McDonald’s left in 2009, explaining that doing business in Iceland didn’t really pay off. Reality is a fleeting thing— you must keep biting and chewing if you don’t want to find yourself back in the waiting room. Which is why those of us brought up by TV feel some sense of relief at the arrival of Dunkin’ Donuts (which people born and raised in stabler households with a firmer grasp on reality may not). Sure, other franchises operate in the country. Neither KFC nor Taco Bell are as trustworthy and stable signals of being-in-the-world, i.e. TV-land, as Dunkin’ Donalds and McDonut’s.

Put your money where your mouth is and vote with your feet 

Things have changed, however, since McDonald’s came and went. Most importantly in this context, a notable number of city-dwellers in other countries have come to the conclusion that their Los Angeles or Munich is itself nothing but a waiting room—that The Real awaits them in a place like Iceland.

The perceived mix of the rugged and the cute, i.e. the culture of no manners and the relative moral purity of the powerless and irrelevant, has become a highly marketable asset in its own right. I’m guessing here, but this might have to do with the ongoing change in the way we use media: an arctic fox swimming in a handmade pool next to a lone mountain’s waterfall, surrounded by a lava field under a dramatic cloudy sky, has a higher Instagram value than TV’s beloved highways and intersections, or anything involving the NYPD.
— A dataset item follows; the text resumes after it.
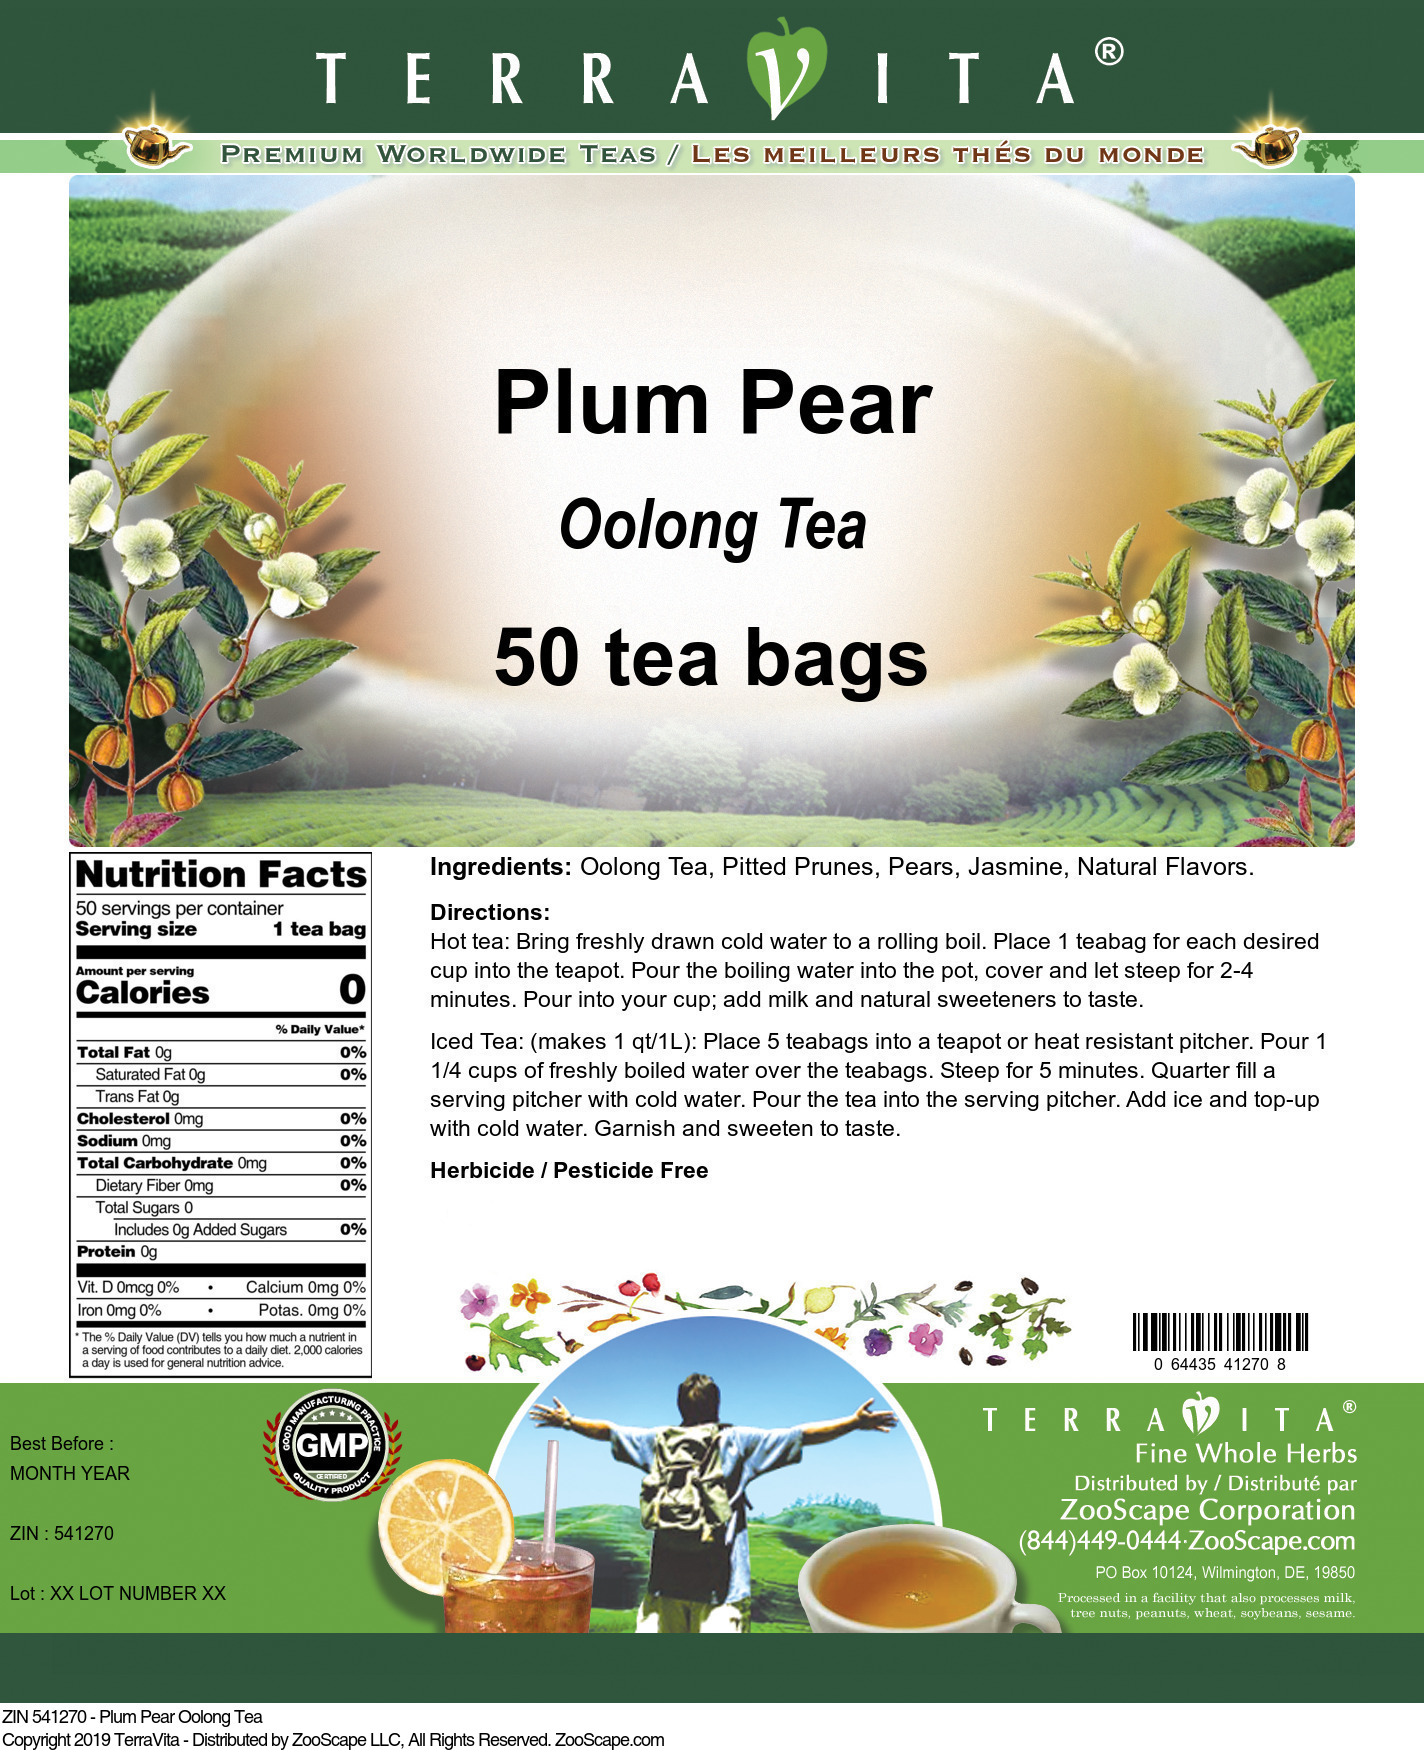 Plum Pear Oolong Tea

Whatever the underlying reasons might be, the consequence is confusion: during the late 20th century we all subscribed to the American dream, which to our best knowledge was all about getting stuck in traffic, waiting to sink your teeth into a donut or a burger. And now you’re all over here, in order to immerse yourselves in what? That other deaf, dumb and blind thing, what’s the word… nature?

“Wait a minute,” our collective subconscious goes, “you mean reality isn’t an imported good?”

If it is not, if reality was over here all along, do you think imports might hurt it? Exterminate it? That bland taste of baked, sugar-coated dust, is it the taste of nothing? And if we keep consuming it, will it eventually take over?